Sisters Melissa Spicer and Melinda Sorrentino joined the family business straight out of college—working along with their father and other family members to run Campus Hill Apartments in Syracuse, N.Y. When their father sold the business in 2007, the sisters decided to use their real estate and renovation acumen to benefit veterans, whom Spicer had been concerned about for decades. At age 16, she saw a homeless man holding a sign that said he was a veteran, and she told Marnie Eisenstadt of the Syracuse Post-Standard, “I thought, ‘Oh, my God. How can this be?'” Spicer began a charity that trained service animals to help veterans, and by the time the family sold their business, her non-profit needed more space.

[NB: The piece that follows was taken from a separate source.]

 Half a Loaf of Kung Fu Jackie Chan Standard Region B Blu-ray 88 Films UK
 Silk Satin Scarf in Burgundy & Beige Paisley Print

So the sisters and other family members put up $700,000 to buy a vacant, squirrel-infested lodge in Chittenango, N.Y. near Oneida Lake and renovated it to serve as headquarters for Clear Path for Veterans, a nonprofit focused on all aspects of easing veterans’ transition back to the civilian world. Clear Path offers veterans a place to enjoy natural beauty, a dog training program, peer-to-peer counseling (the Wingman Program), acupuncture, massage, free meals and culinary training, a “Saturday Warrior Reset” program and more.
Clear Path serves 230 veterans each month through the help of volunteers. Spicer and Sorrentino do not take pay for their work at Clear Path, so most of the donations they receive go directly to helping vets. Spicer told Eisenstadt, “If what you hope to do benefits the greater good of the community, from beginning to end, never quit.”